In contrast to block I/O storage systems and file systems, some storage systems receive and process access requests that identify a data unit or other content unit (also referenced to as an object) using an object identifier, rather than an address that specifies where the data unit is physically or logically stored in the storage system. Such storage systems are referred to as object-based storage systems. In object-based storage, a content unit may be identified (e.g., by host computers requesting access to the content unit) using its object identifier and the object identifier may be independent of both the physical and logical location(s) at which the content unit is stored. In some cases, however, the storage system may use the object identifier to inform where a content unit is stored in a storage system. From the perspective of the host computer or user accessing a content unit on an object-based system, the object identifier does not control where the content unit is logically or physically stored. Thus, if the physical or logical location at which the unit of content is stored changes, the identifier by which host computer(s) access the unit of content may remain the same. In contrast, in a block I/O storage system, if the location at which the unit of content is stored changes in a manner that impacts the logical volume and block address used to access it, any host computer accessing the unit of content must be made aware of the location change and then use the new location of the unit of content for future accesses.
One example of an object-based system is a content addressable storage (CAS) system. In a CAS system, the object identifiers that identify content units are content addresses. A content address is an identifier that is computed, at least in part, from at least a portion of the content of its corresponding unit of content. For example, a content address for a unit of content may be computed by hashing the unit of content and using the resulting hash value as the content address. Storage systems that identify content by a content address are referred to as content addressable storage (CAS) systems.

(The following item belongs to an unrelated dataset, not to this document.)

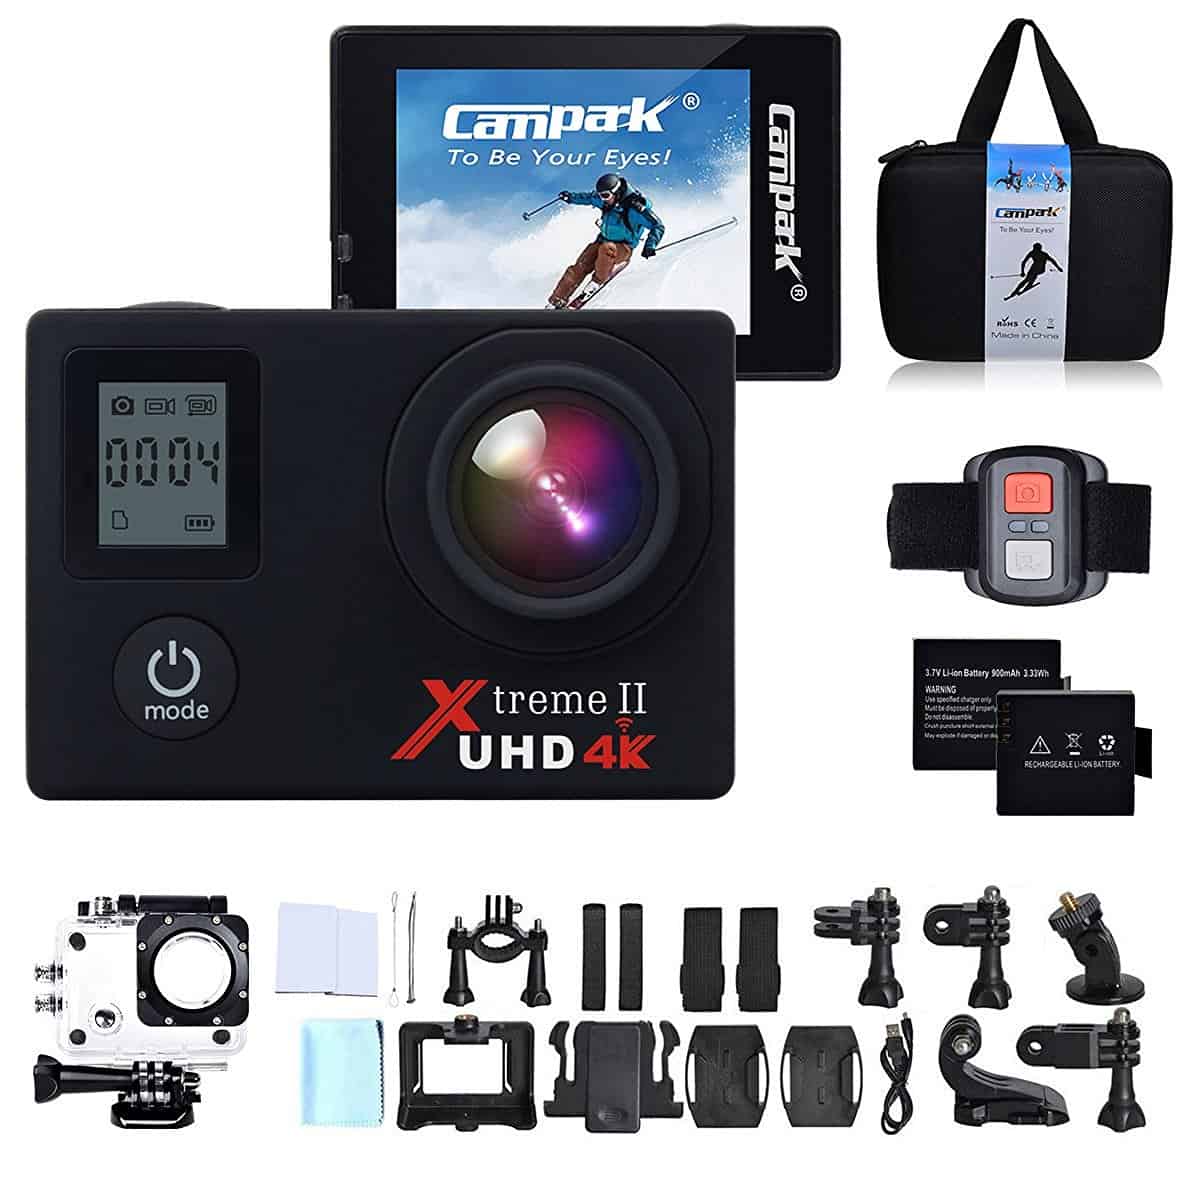 Compark Camera and Accessories
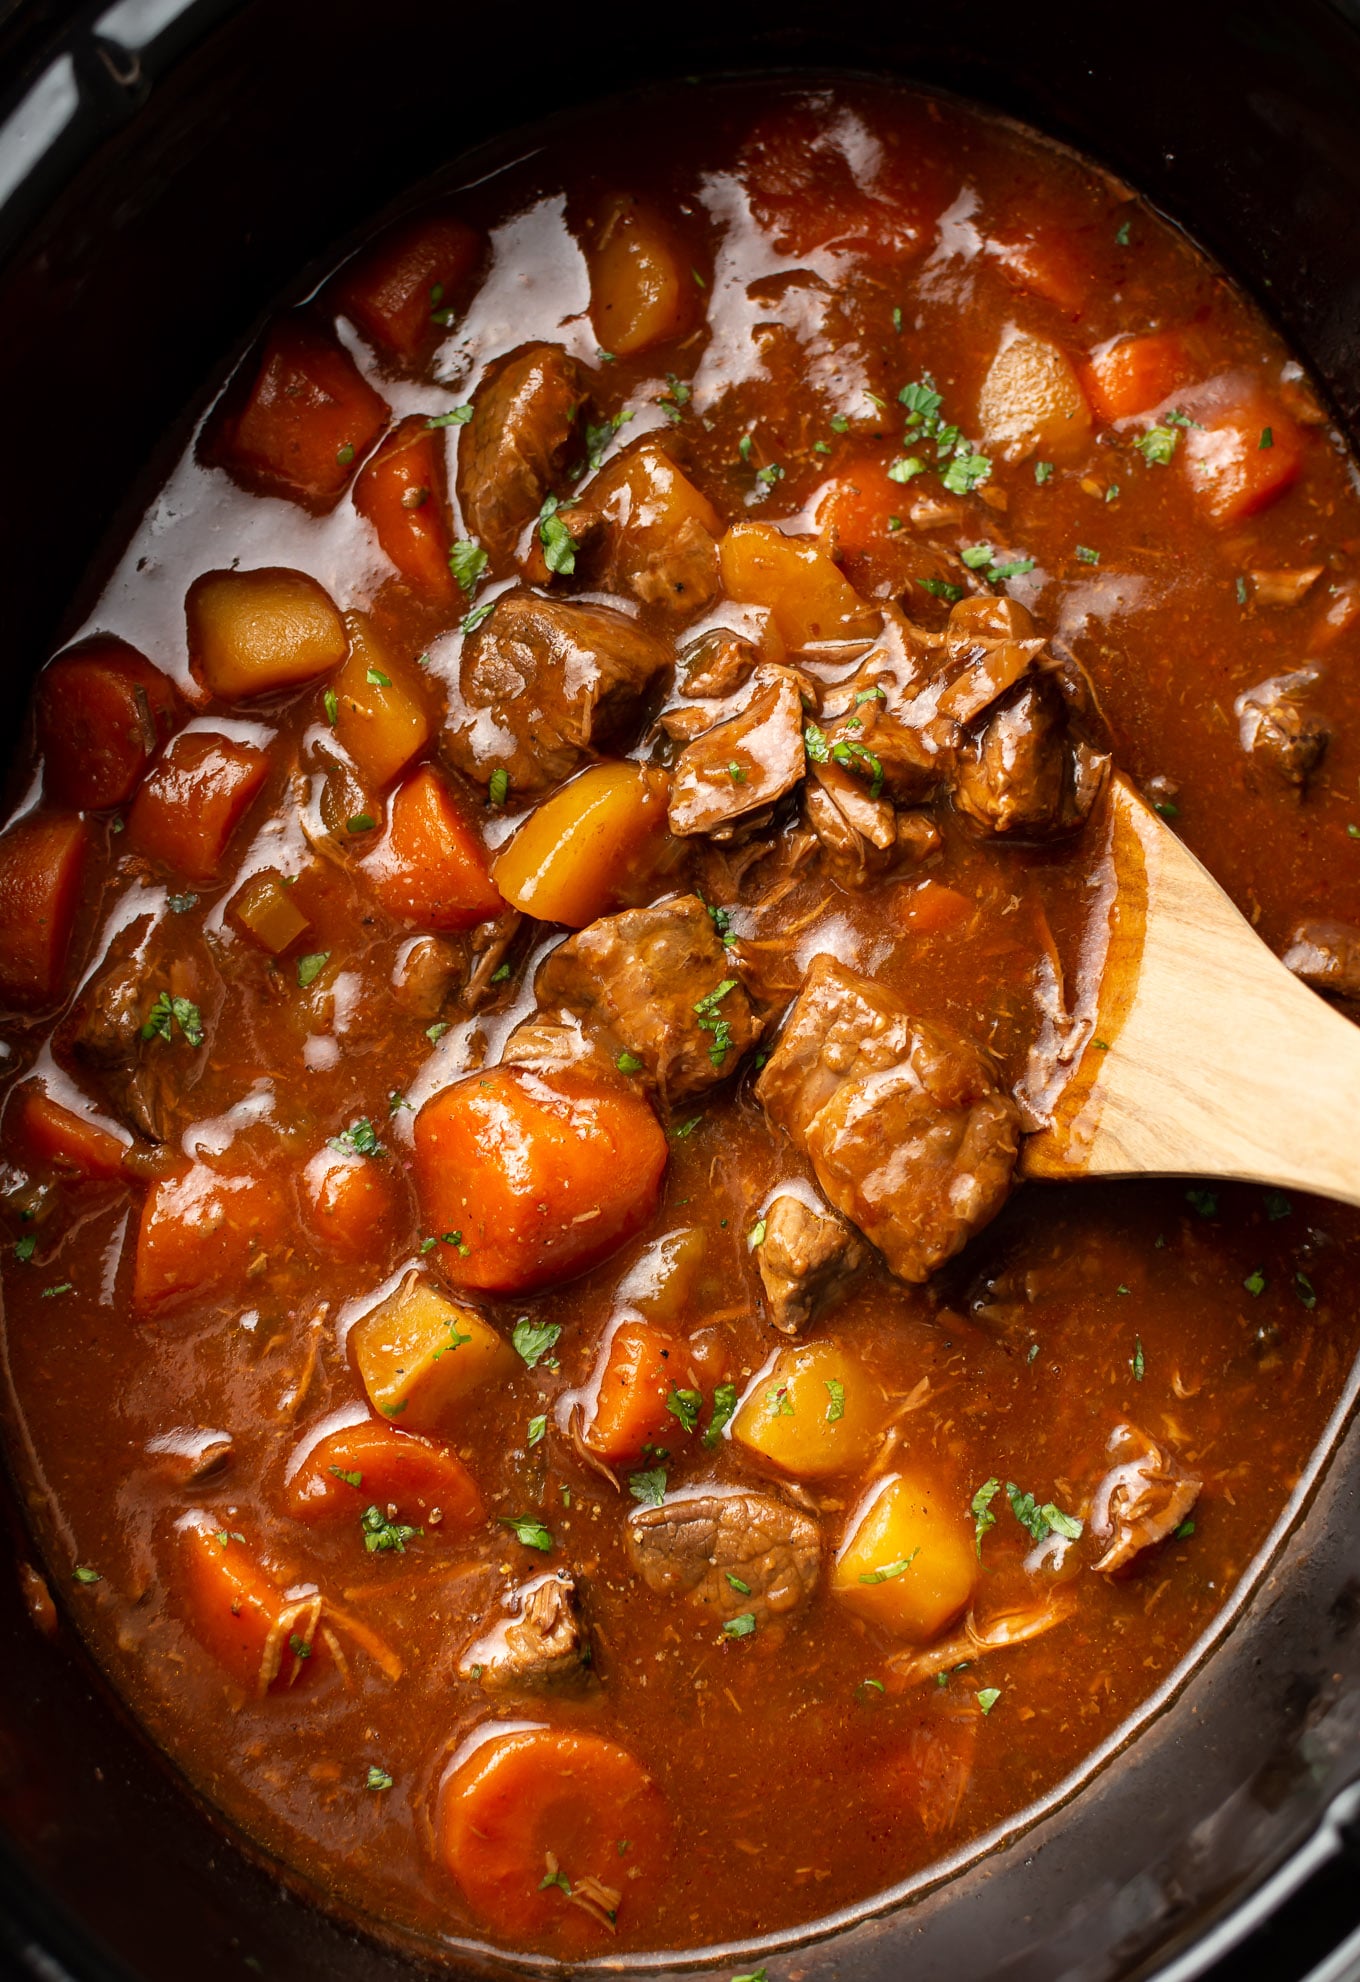 https://www.saltandlavender.com/wp-content/uploads/2018/01/crockpot-beef-stew-recipe-1.jpg

Data can also be stored and managed in a system by using database management systems (DBMSs). The relational approach to database management typically represents all information as “tables.” A “database” can be a collection of tables, each table having rows and columns. In a relational database, the rows of a table may represent records (collections of information about separate items) and the columns may represent fields (particular attributes of a record). In conducting searches, a relational database matches information from a field (column) in one table with information from a corresponding field (column) of another table to produce a third table that combines requested data from both tables.
Databases generally require a consistent structure, termed a schema, to organize and manage the information. In a relational database, the schema can consist of a collection of tables. Similarly, for each table, there is generally one schema to which it belongs. Once the schema is designed, the DBMS is used to build the database and to operate on data within the database. All database management systems can have mechanisms for building databases and operating on data in the database. One such mechanism involves specifying data retrieval operations, often called “queries,” to, for example, search the database and then retrieve and display the requested information.